2 Questcor Pharmaceuticals, Inc. is a fully integrated specialty pharmaceutical company that serves the needs of the acute care and critical care hospital market with its proprietary products including Glofil(TM) 125 and Inulin for measuring renal GFR, Ethamolin(R) for sclerotherapy, and Pramidin(R) for diabetic gastroparesis. Questcor's late stage pipeline products are being developed to treat diabetic gastroparesis (stomach paralysis), delayed onset emesis (vomiting), congenital lactic acidosis (CLA), and various central nervous system disorders. As part of a strategy to develop its products globally, Questcor has entered into over 20 contractual relationships with public and private companies including CSC Pharmaceuticals HandelsGmbH of Vienna, Austria; Crinos Group of Como, Italy; Dainippon Pharmaceutical Co., Ltd., of Osaka, Japan; Rigel, Inc. of South San Francisco, CA; Shire Pharmaceuticals Group plc of Andover, UK; and Tularik of South San Francisco, CA. Questcor was created as a result of the merger, on November 17, 1999, of RiboGene, Inc. and Cypros Pharmaceutical Corp.

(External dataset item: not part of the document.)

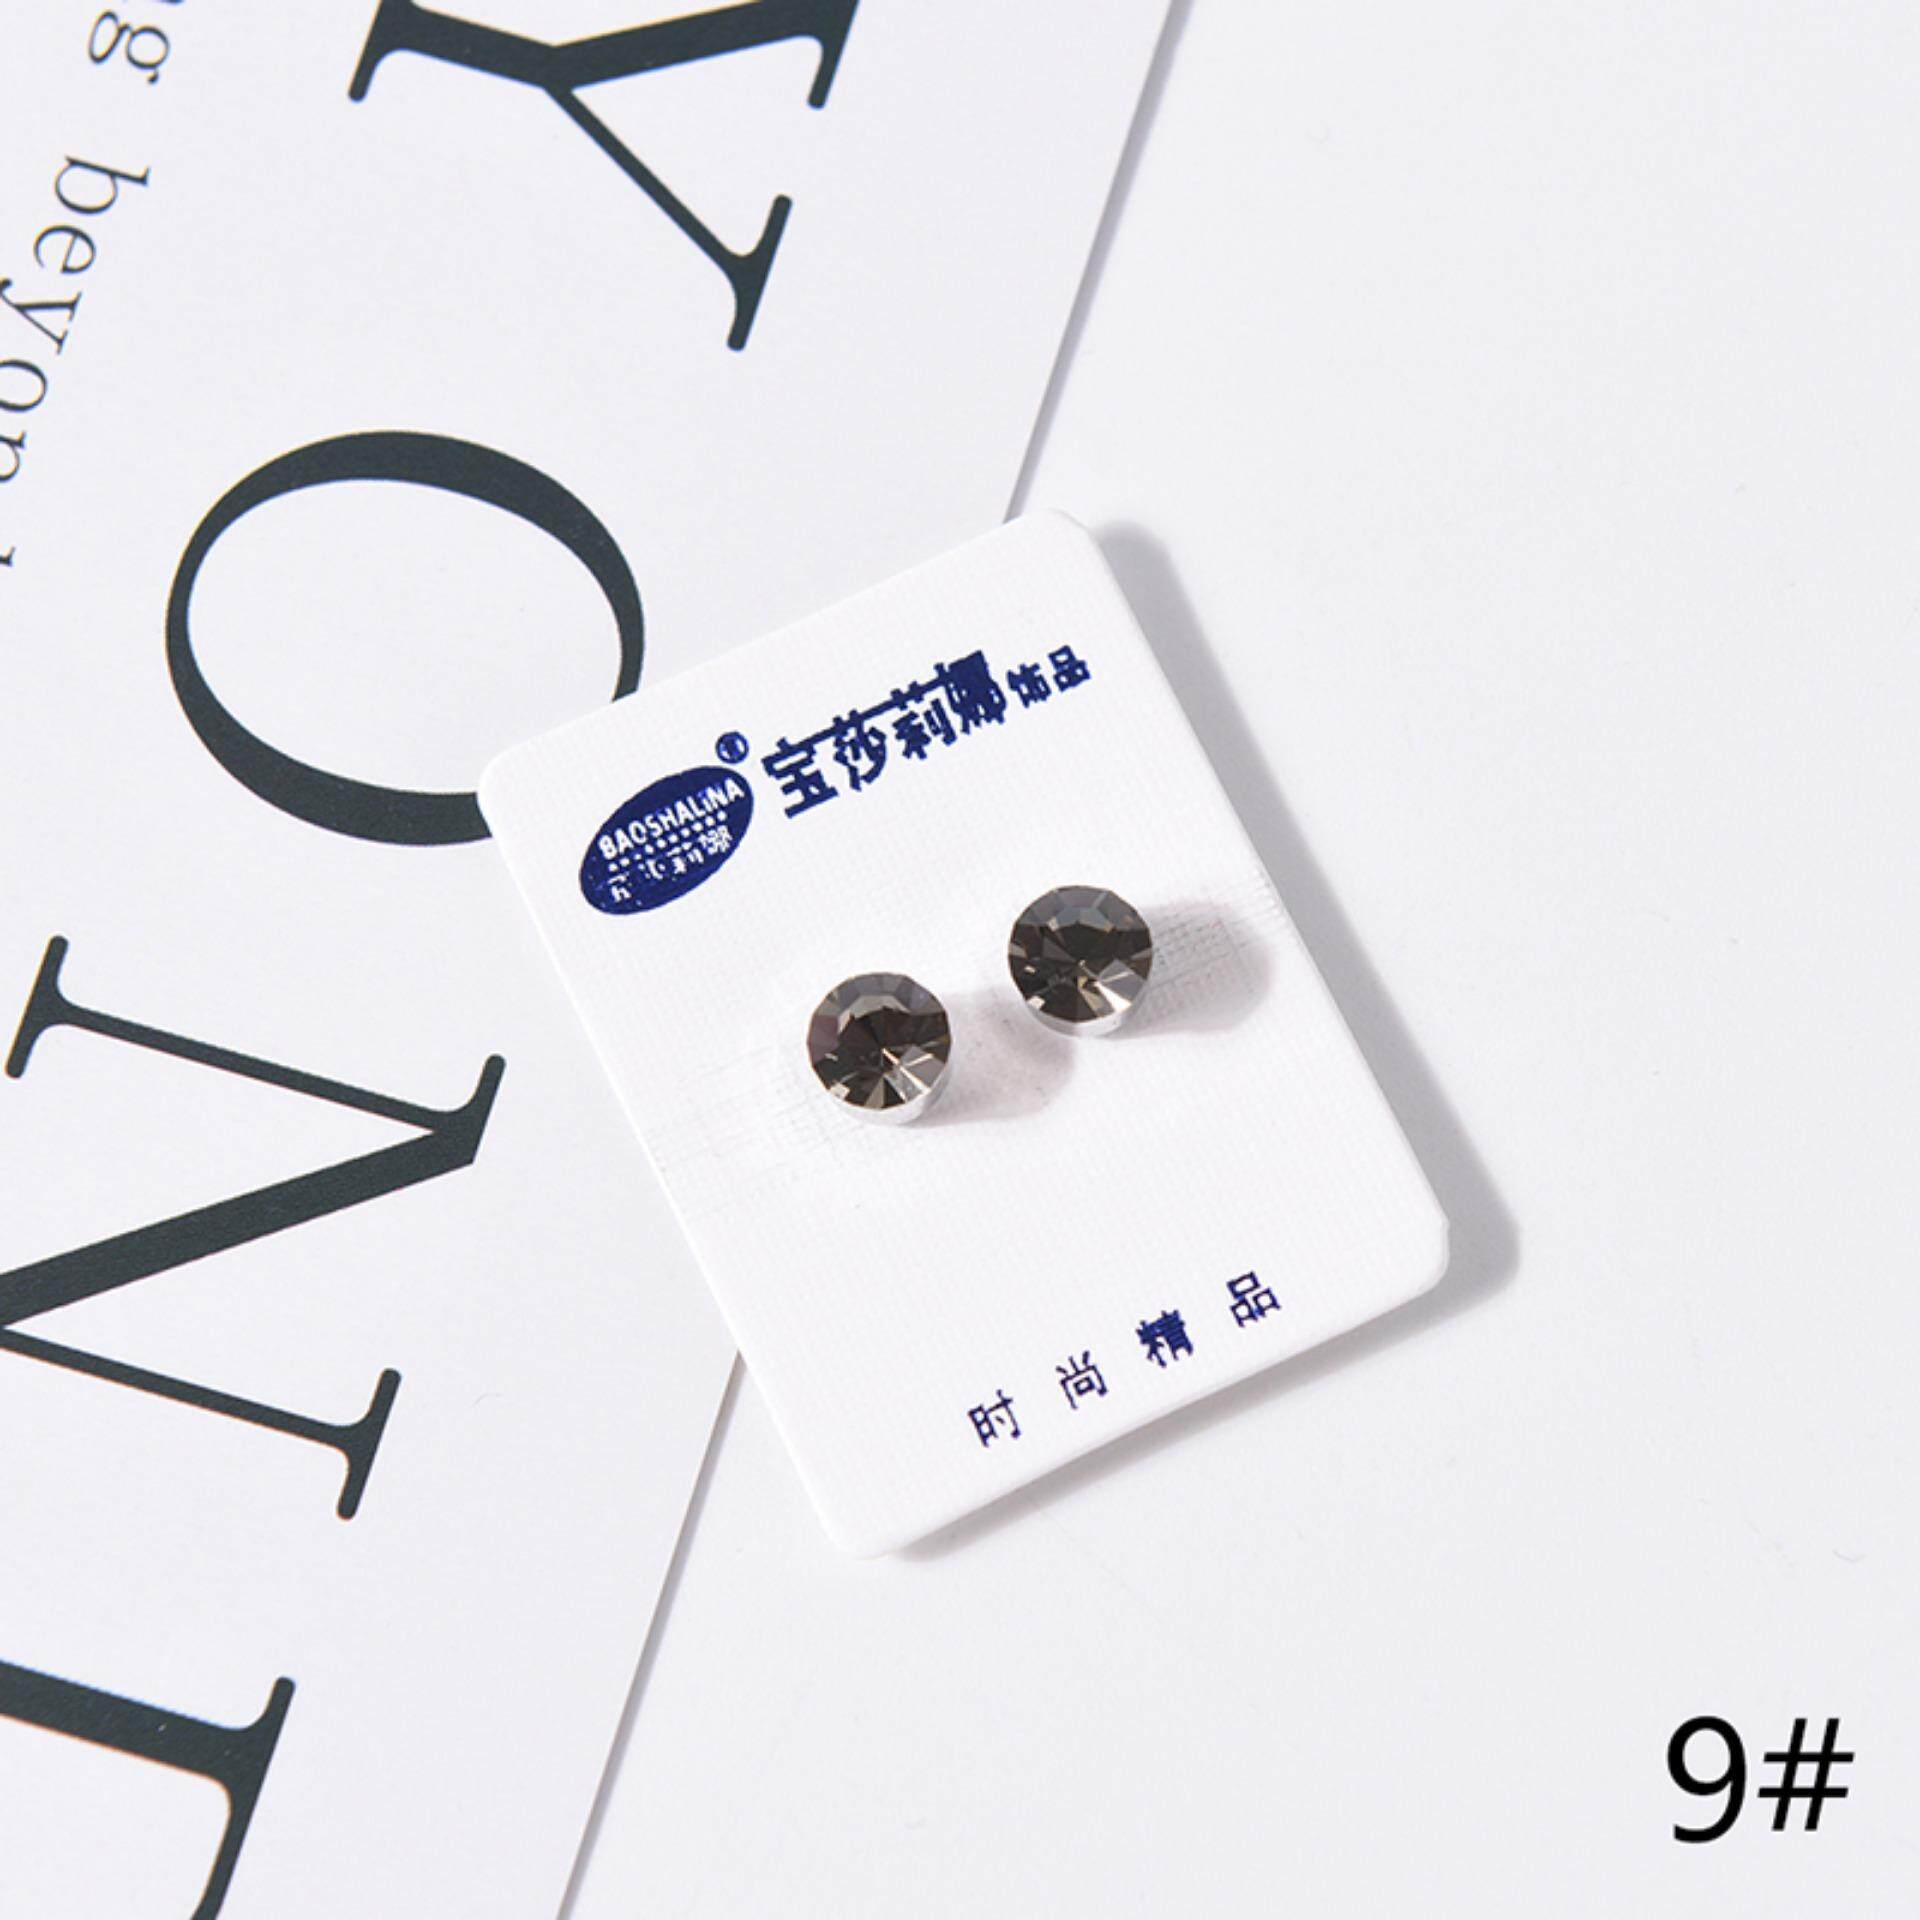 Magnetic Healthcare Earring Weight Loss Earrings Slimming Ear Healthy Earring Magnetic Therapy Type:N9 - intl

Note: Except for the historical information contained herein, this press release contains forward-looking statements that involve risks and uncertainties. Such statements are subject to certain factors, which may cause the Company's results to differ. Factors that may cause such differences include, but are not limited to, the Company's need for additional funding, uncertainties regarding the company's intellectual property and other research, development, marketing and regulatory risks, and, the ability of the Company to implement its strategy and acquire products and, if acquired, to market them successfully as well as the risks discussed in Questcor's transition report on Form 10-K for the fiscal year ended December 31, 1999, the Risk Factor section of Cypros' Registration Statement on form S-4 (No. 333-87611), and the Company's quarterly reports on form 10-Q ended June 30, 2000 and September 30, 2000 respectively, and other documents filed with the Securities and Exchange Commission. The risk factors and other information contained in these documents should be considered in evaluating Questcor's prospects and future financial performance.